— Увлечение этой музыкой — это что-то новое, — сказала Нанна. — Майя пристрастилась слушать такую музыку, так много и так громко, только в этом году. Волосы она красит лет с тринадцати. Она всегда была очень решительной молодой девицей, — говорила Нанна. — Зимой она сделала пирсинг — сначала на левой брови, потом на правой, а сейчас у нее блестящие кристаллики на подбородке, на носу и на губах.

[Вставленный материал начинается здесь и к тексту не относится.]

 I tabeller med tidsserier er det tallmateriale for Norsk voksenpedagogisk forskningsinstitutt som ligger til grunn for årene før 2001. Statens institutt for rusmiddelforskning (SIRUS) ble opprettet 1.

Разговор о Майе зашел у нас незадолго до Рождества, когда мы сидели в кабинете и планировали, как отметить окончание занятий в школе, когда приглашать детей из детских садов, говорили о службе на Рождество и Новый год и распределяли обязанности.
Я предложила провести на Рождество ночное богослужение. Эту идею подала Майя: если все это для тебя что-то значит, Рождество, Иисус и заповедь о любви к ближнему, то нам следует в рождественскую ночь быть в церкви, а не копаться у себя дома в куче подарков. Я подумала, что, наверное, она права, попробовать стоило.
Я стояла перед письменным столом Нанны и вдруг, не знаю отчего, подумала о Майе и смерти ее отчима. Может, просто потому, что была ночь и тьма. Мне пришло в голову, что Нанна ни словом не обмолвилась о том, как Майя восприняла его смерть. Я спросила ее.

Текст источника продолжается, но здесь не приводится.